In this answer, I will be mainly focusing on Richard Connell's use of imagery. "The Most Dangerous Game" is a work that channels the senses, using rich and evocative descriptions to make its setting and characters come alive. It can achieve this effect through the use of metaphor and simile. For example, consider the image Connell constructs out of the following sentence:

The lights of the yacht became faint and ever-vanishing fireflies; then they were blotted out entirely by the night.

In this metaphor, Connell creates an image of a yacht vanishing in the distance, leaving Rainsford (who has fallen overboard) further and further behind. The metaphor makes this imagery all the more memorable and vivid in readers' imaginations.

This imagery can also be conveyed through the use of rich description.
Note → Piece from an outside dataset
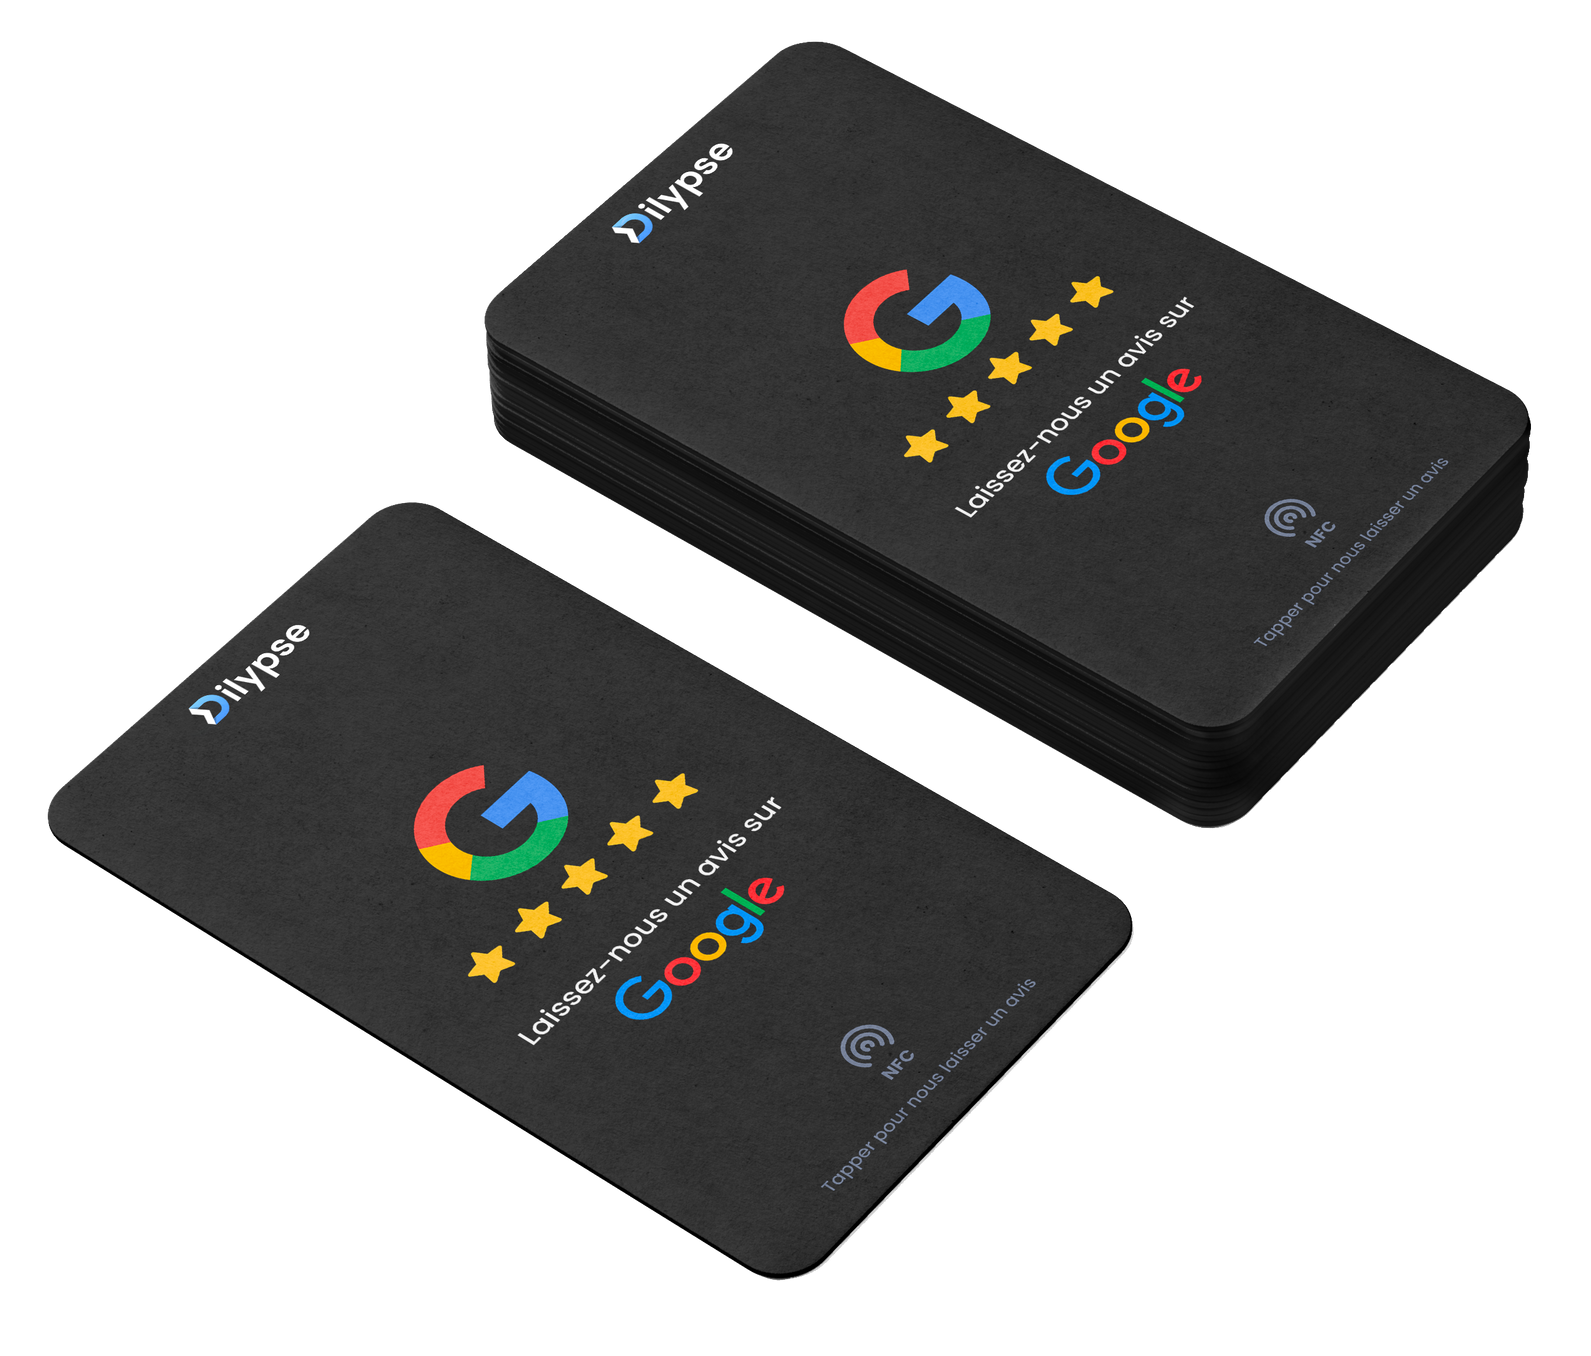 Two business cards with the google logo on them
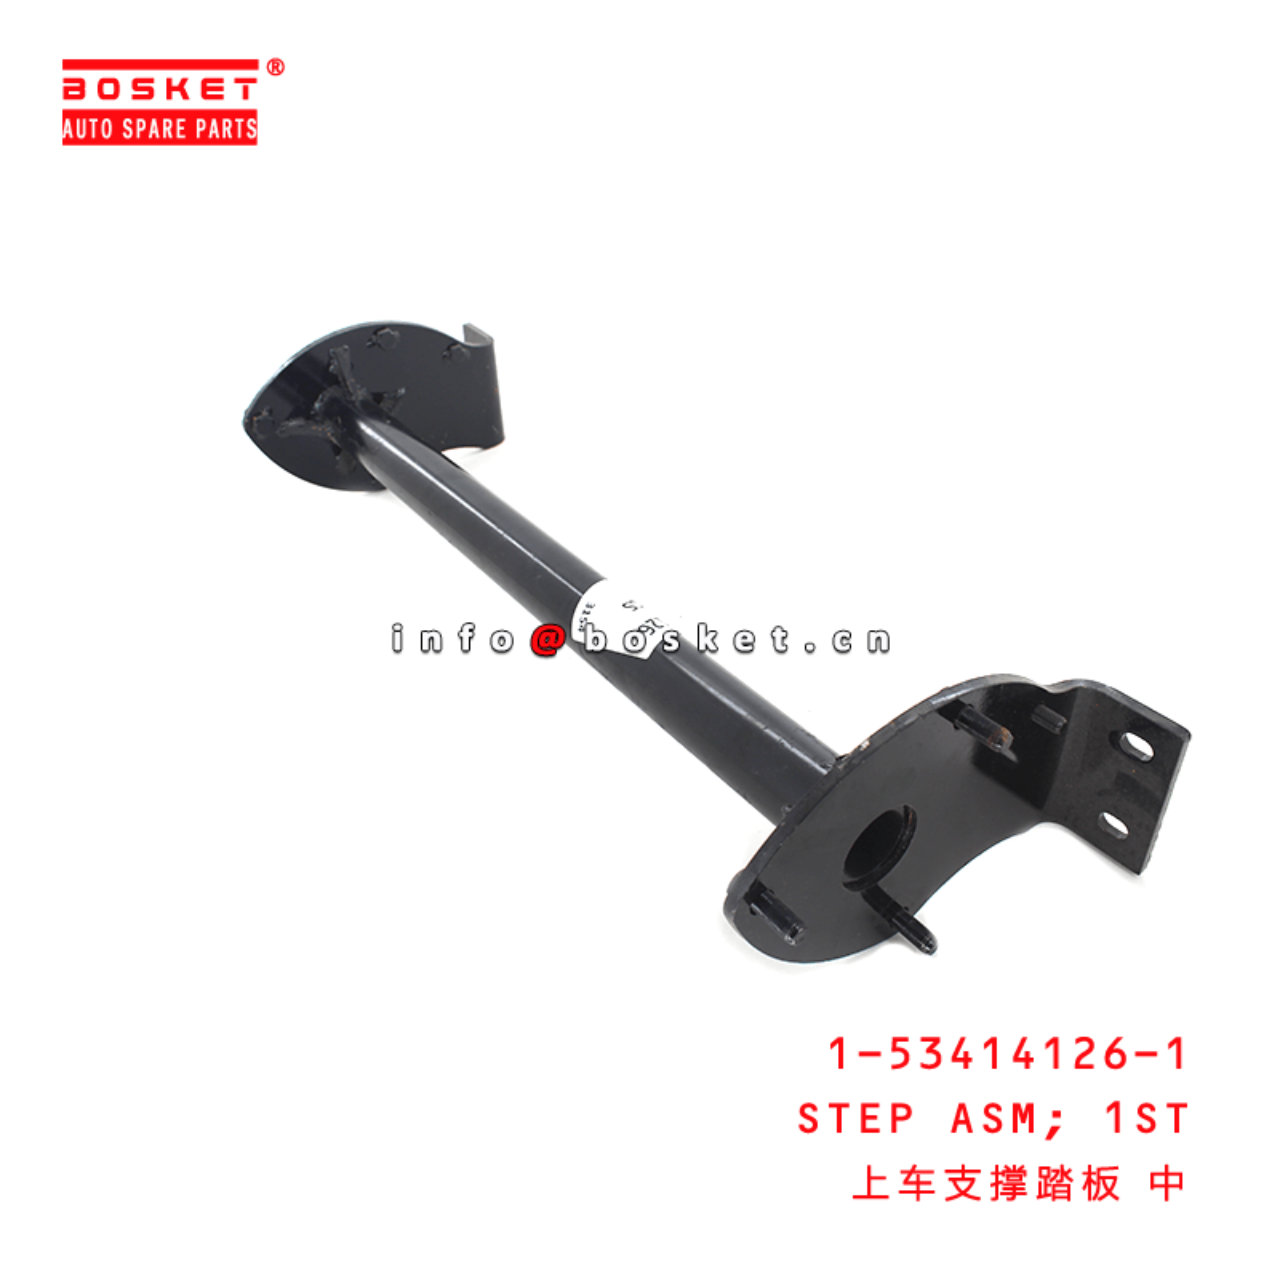  1-53414126-1 First Step Assembly 1534141261 Suitable for ISUZU FVR34

Connell does not simply say that Zaroff lives in a large, imposing mansion, he describes it in detail:

But as he forged along he saw to his great astonishment that all the lights were in one enormous building—a lofty structure with pointed towers plunging upward into the gloom. His eyes made out the shadowy outlines of a palatial chateau; it was set on a high bluff, and on three sides of it cliffs dived down to where the sea licked greedy lips in the shadows.

Note, first of all, that this passage does end with the use of personification, but even before we come to this image of the sea licking its lips, we find a startlingly vivid description of the chateau, which provides it with a foreboding, sinister feel. Similarly descriptive introductions are given for the characters of Zaroff and Ivan.

Consider Connell's description of Zaroff, in all its vivid detail:

Rainsford's first impression was that the man was singularly handsome; his second was that there was an original, almost bizarre quality about the general's face. He was a tall man past middle age, for his hair was a vivid white; but his thick eyebrows and pointed military mustache were as black as the night from which Rainsford had come. His eyes, too, were black and very bright. He had high cheekbones, a sharpcut nose, a spare, dark face—the face of a man used to giving orders, the face of an aristocrat.

Again, the purpose here is to create a visual impression of the character of Zaroff (who is furthermore contrasted by his servant Ivan, the mute giant who embodies physical intimidation). Through the use of such rich description, these characters feel lifelike, and can potentially come alive in readers' imaginations.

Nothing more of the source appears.